I love all of those formats, but for different reasons. It depends on a lot of variables. My black box works for _me_ because I want to have the flexibility to have students (and higher ups) see different configurations, and the pluses and minuses inherent to each. My ideal house size is about 120 because that's how many I can count on in any given night--educational theatre being what it is. A larger space would look barren.

Mim said:


> What is most challenging about your current space?

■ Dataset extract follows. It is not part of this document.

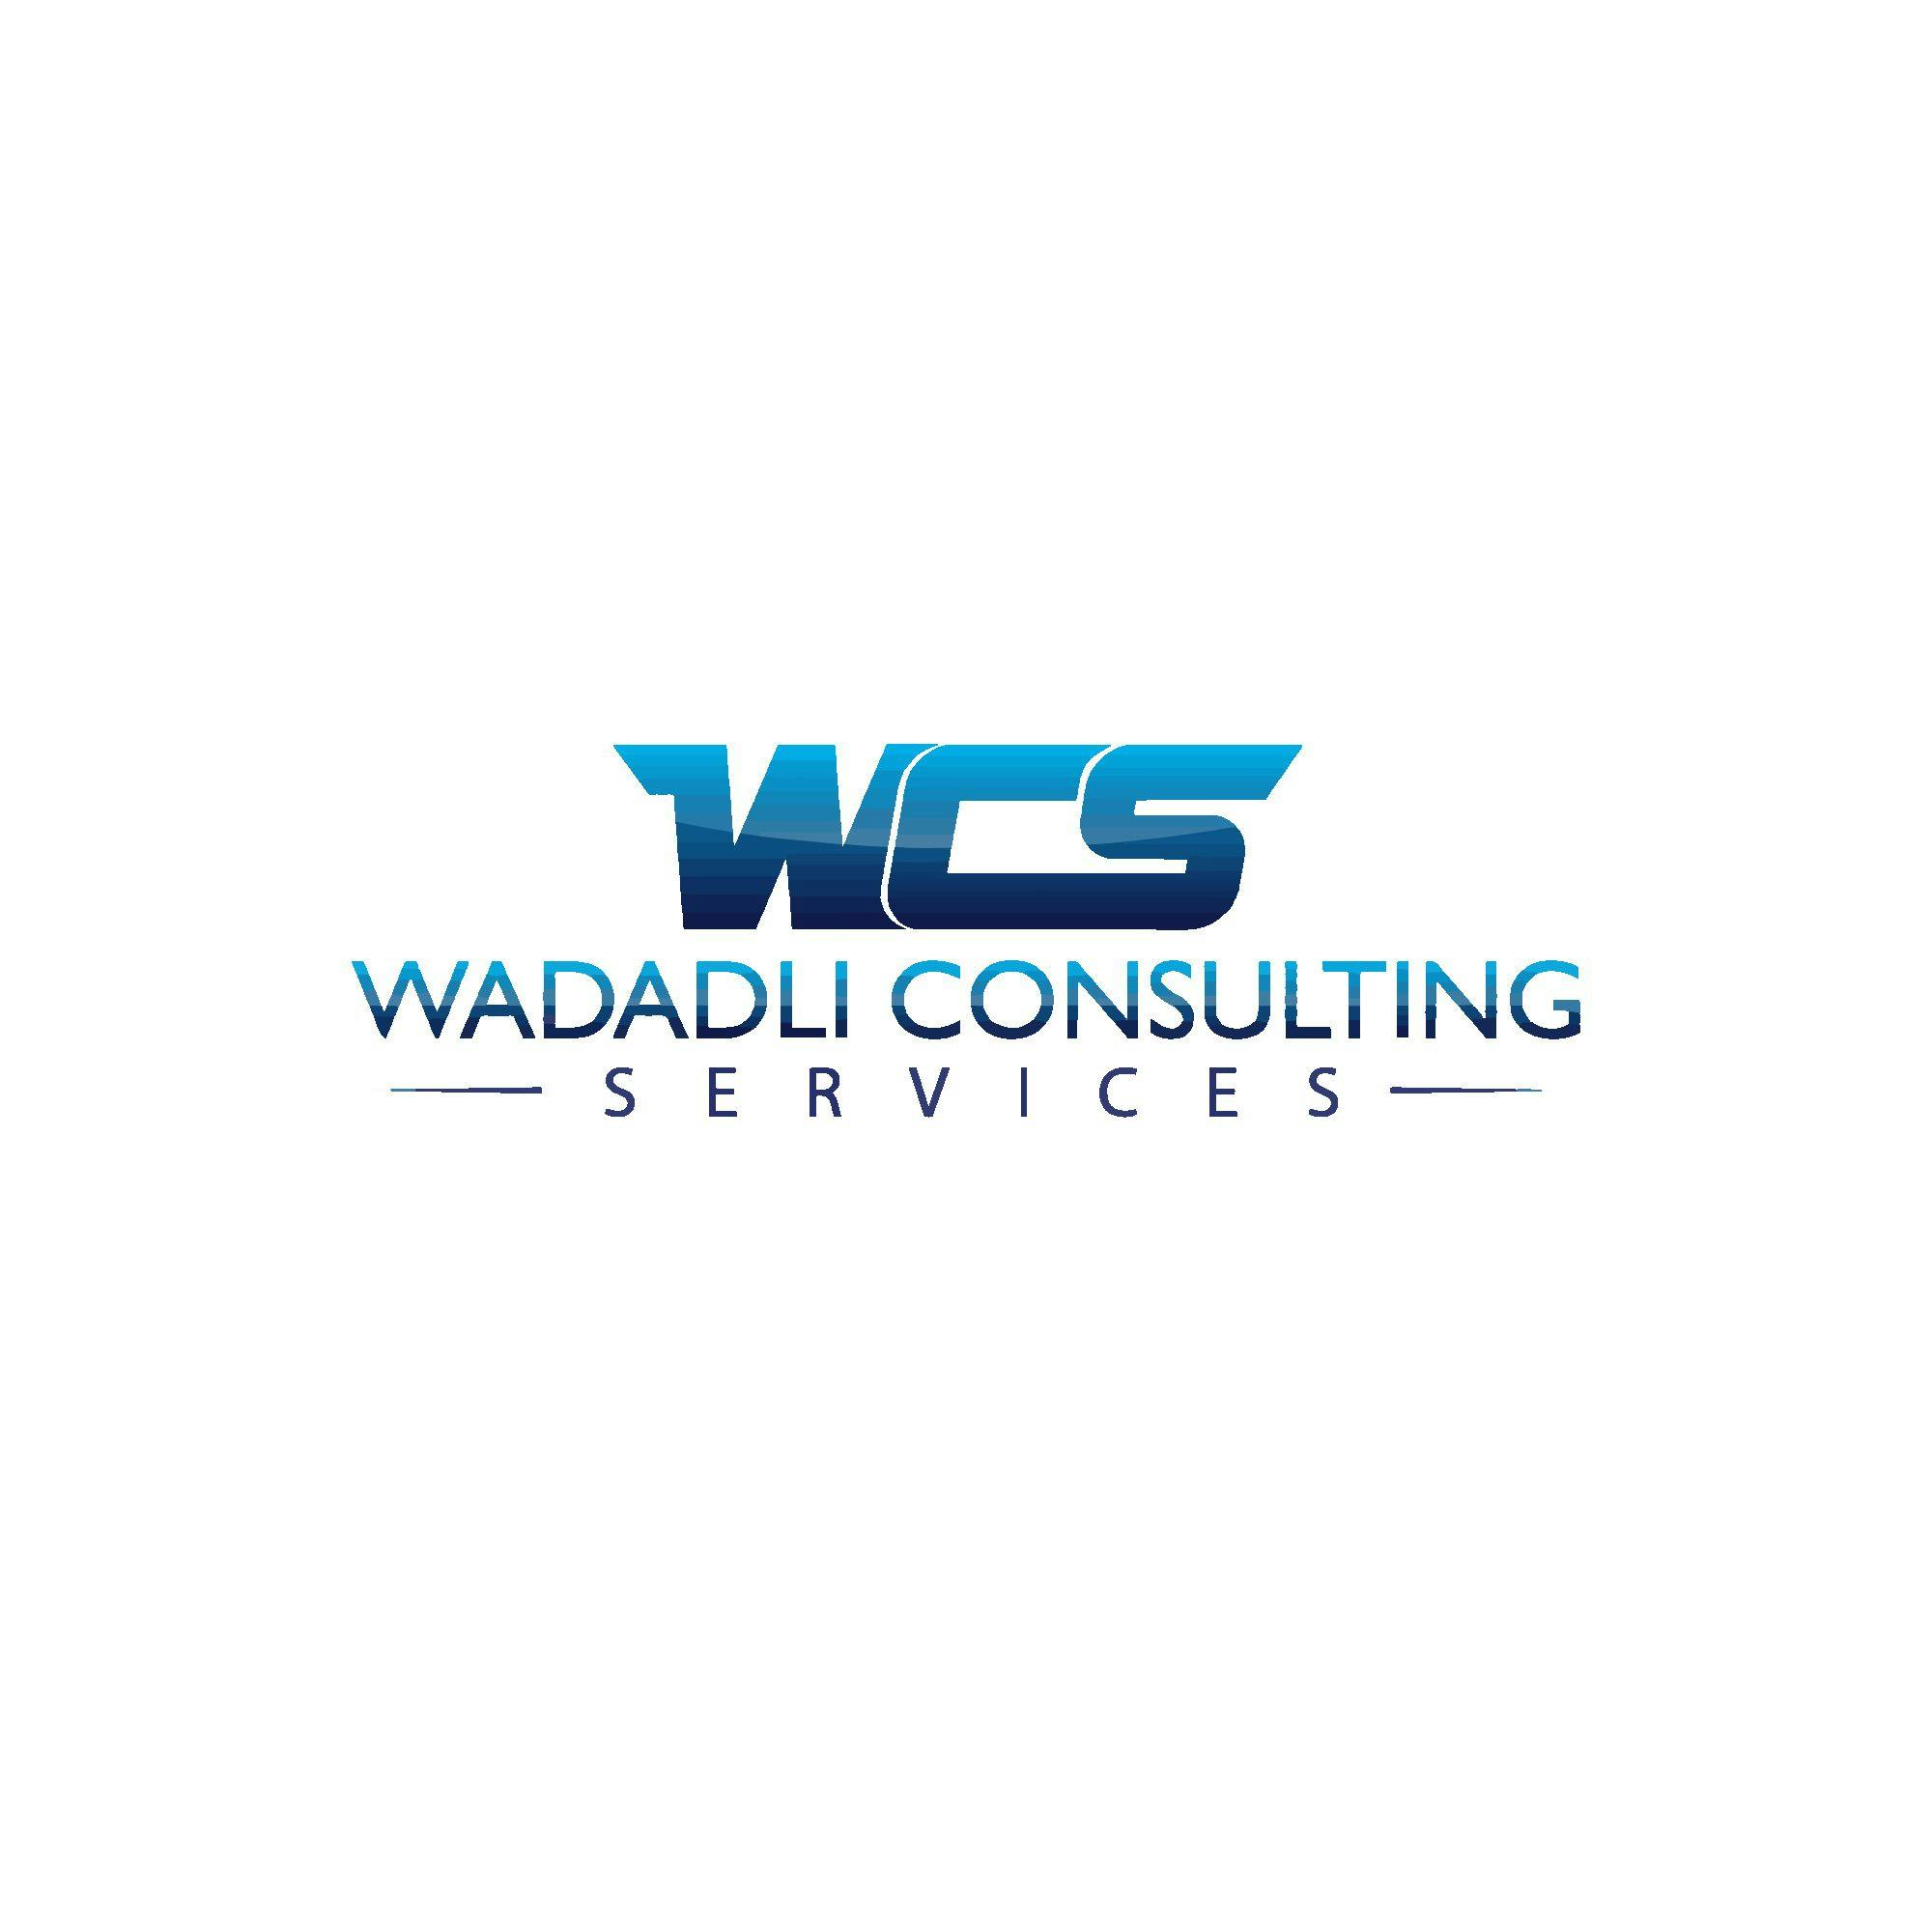 Wadadli Consulting Services logo

Grid height and lack of proper wing space. And lack of overall storage space now that I come to think of it.


----------



## Mim (Oct 6, 2010)

Sean - how high is your grid? just curious


----------



## Mim (Oct 6, 2010)

My current theatre is a proscenium, we're looking to add a 'flexible' space to our projected arts campus. I have ideas, some good some bad I'm sure, but there are probably things I'm not thinking about so I really appreciate all input!


----------



## jonliles (Oct 6, 2010)

I am without a permanent home at the moment so I will refrain from the questions. But (I think I undersstand what you are tryting to accomplish. Check out GA Tech's Ferst Arts Center (Georgia Institute of Technology :: Ferst Center for the Arts). They basically have a black box with open configuration seating. The Box more than 2 stories high and easily accommodates 2 story sets. The student run "DramaTech" organization does all of their performances there. You may want to contact them to see what they like and do not like. Sorry, I do not personally know any of the students, but you can contact them through their website. If you are ever in Atlanta, I am sure they would give you a tour.


----------



## bdkdesigns (Oct 6, 2010)

You know, it was once explained to me that there are two types of theatre spaces and I've found it to be true in most smaller spaces until you get up to the larger regional theatres: 

1) Designed or consulted by a theatre designer/technician. This space is a dream to work in. Everything from a technical standpoint has been thought of and can support the workload going on. As an example, my last space was huge. Our stage had plenty of wingspace for scenery storage. In fact, our stage right wing was larger than the stage itself. It wasn't uncommon for us to store another shows set just offstage: Ie: The Montana Rep National Tour set that gets built in the summer and tours in the spring. The scene shop itself is equal in size to the stage...and that was the alternate size when funding the building, it was originally supposed to be twice as big. Currently right now in their scene shop, they are building the set for their first production of the season, Hair, and also building this years USA exhibit for the PQ. So, from a technical side, it is amazing. Now, the audience perspective is another story. The exterior of the building is interesting but the novelty really pretty much stops there. The lobby is nothing special at all. Some steps lead up to the theatre entrance with an awkwardly placed elevator to allow for handicapped seating on the side. Once inside the space, you are treating to a horrific brown painted popcorn ceiling and walls with nothing special going on at all.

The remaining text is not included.